Lines from the one with "NWT J Crew Women's" up to and including the one with "Country fair weddings" are to be copied exactly from the records below, without their pictures.

(Beginning of Exercise materials)

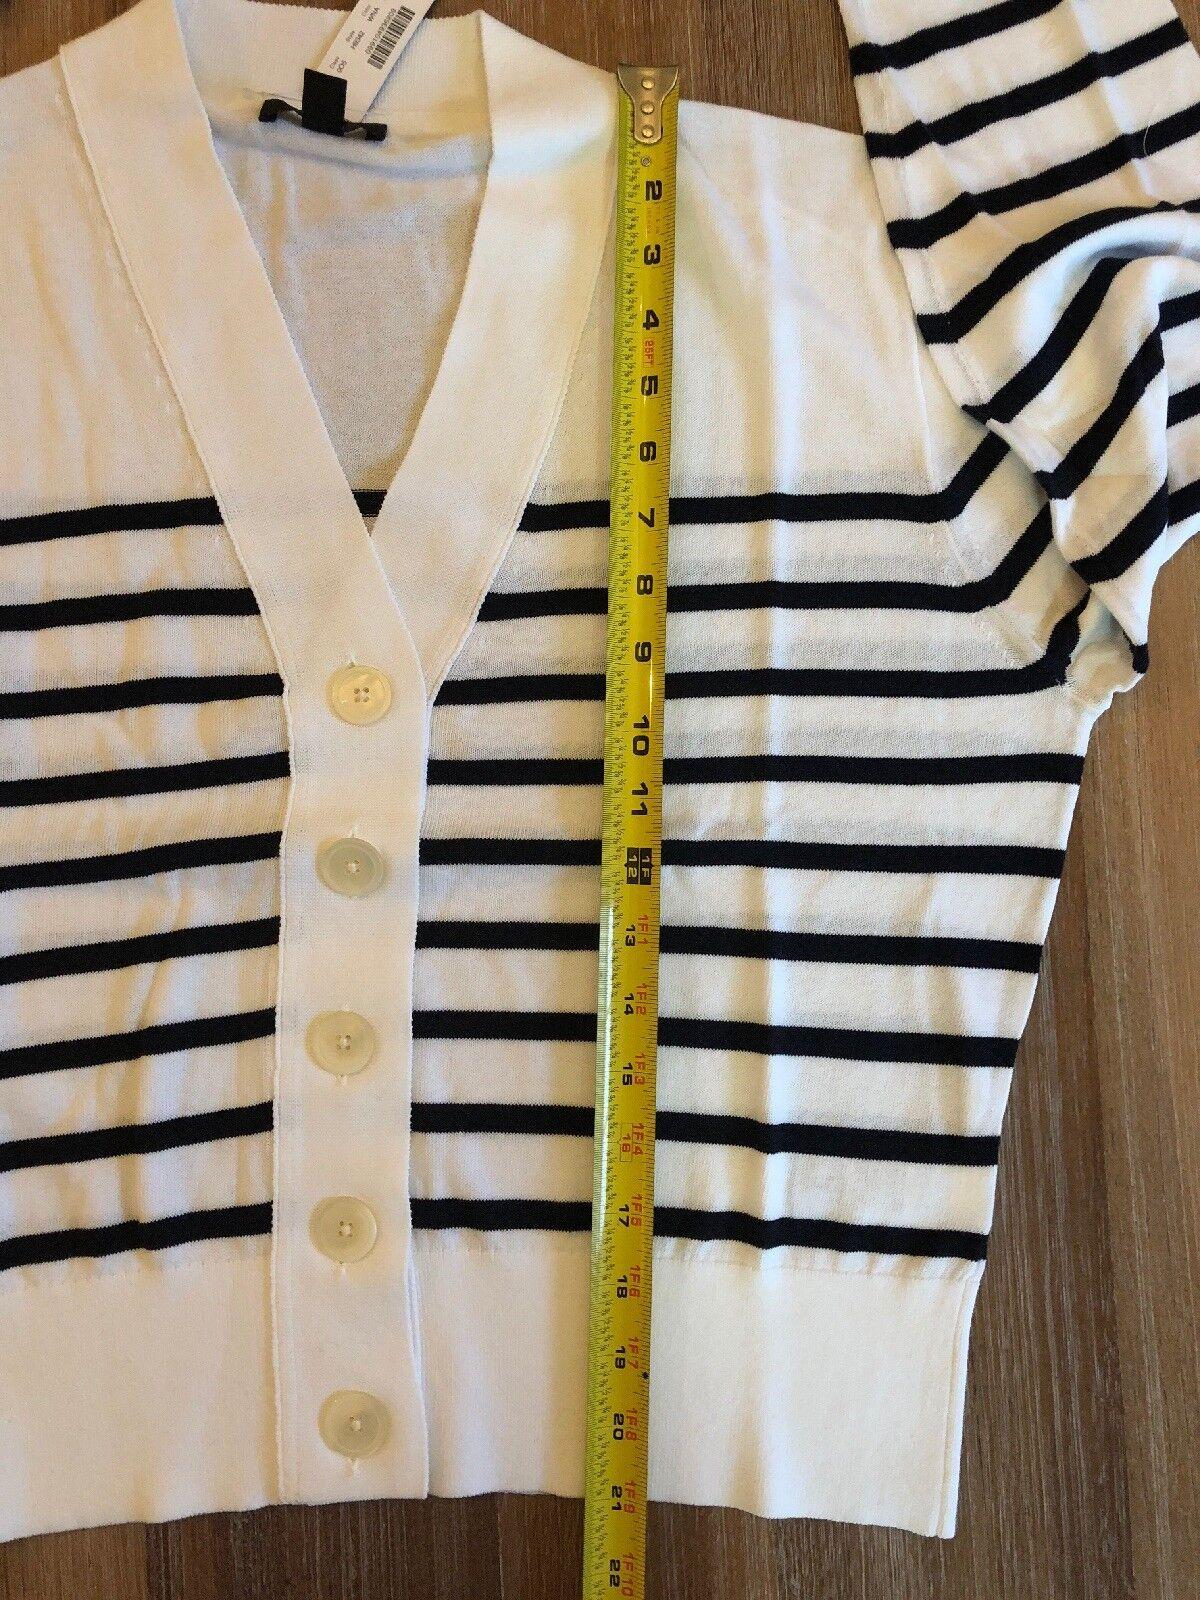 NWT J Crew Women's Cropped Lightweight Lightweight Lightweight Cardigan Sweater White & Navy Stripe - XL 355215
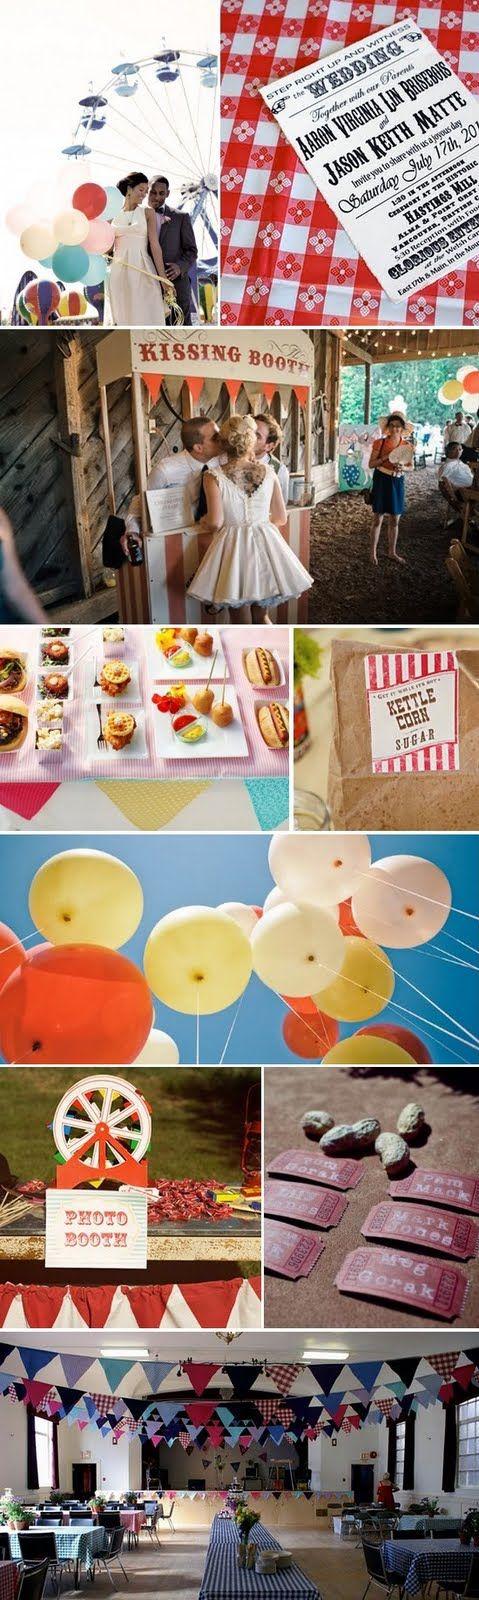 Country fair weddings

(End of Exercise materials)
(Beginning of Exercise materials)

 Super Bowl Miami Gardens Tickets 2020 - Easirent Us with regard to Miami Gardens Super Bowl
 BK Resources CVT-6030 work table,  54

(End of Exercise materials)
(Beginning of Exercise materials)

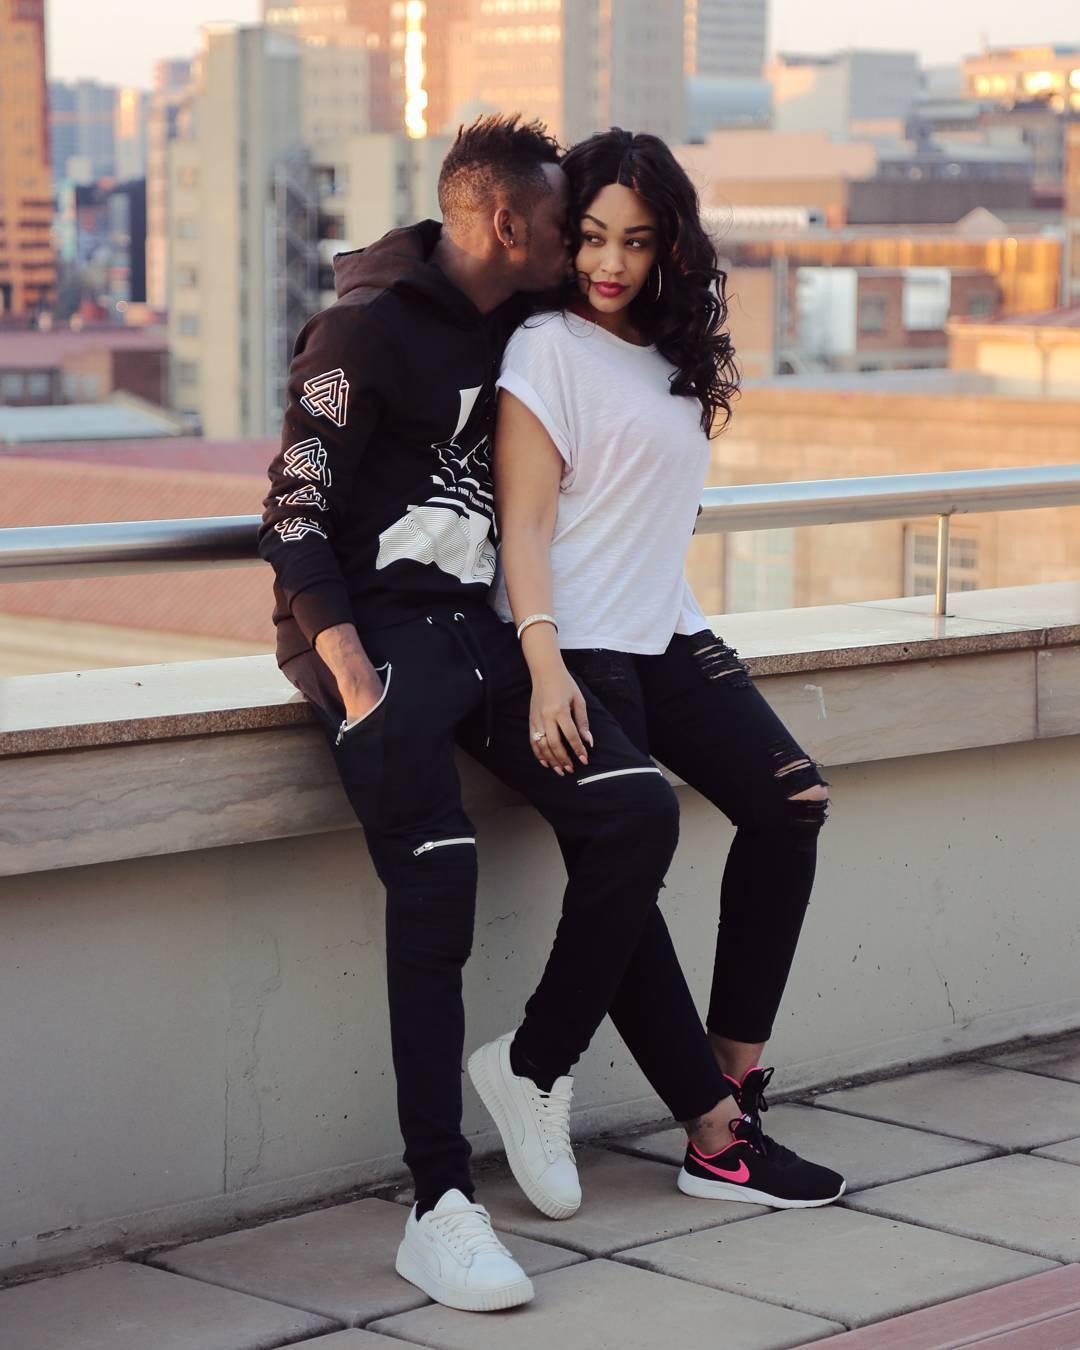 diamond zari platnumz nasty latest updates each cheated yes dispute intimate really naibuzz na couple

(End of Exercise materials)

> [Exercise answer]:
 NWT J Crew Women's Cropped Lightweight Lightweight Lightweight Cardigan Sweater White & Navy Stripe - XL 355215
 Country fair weddings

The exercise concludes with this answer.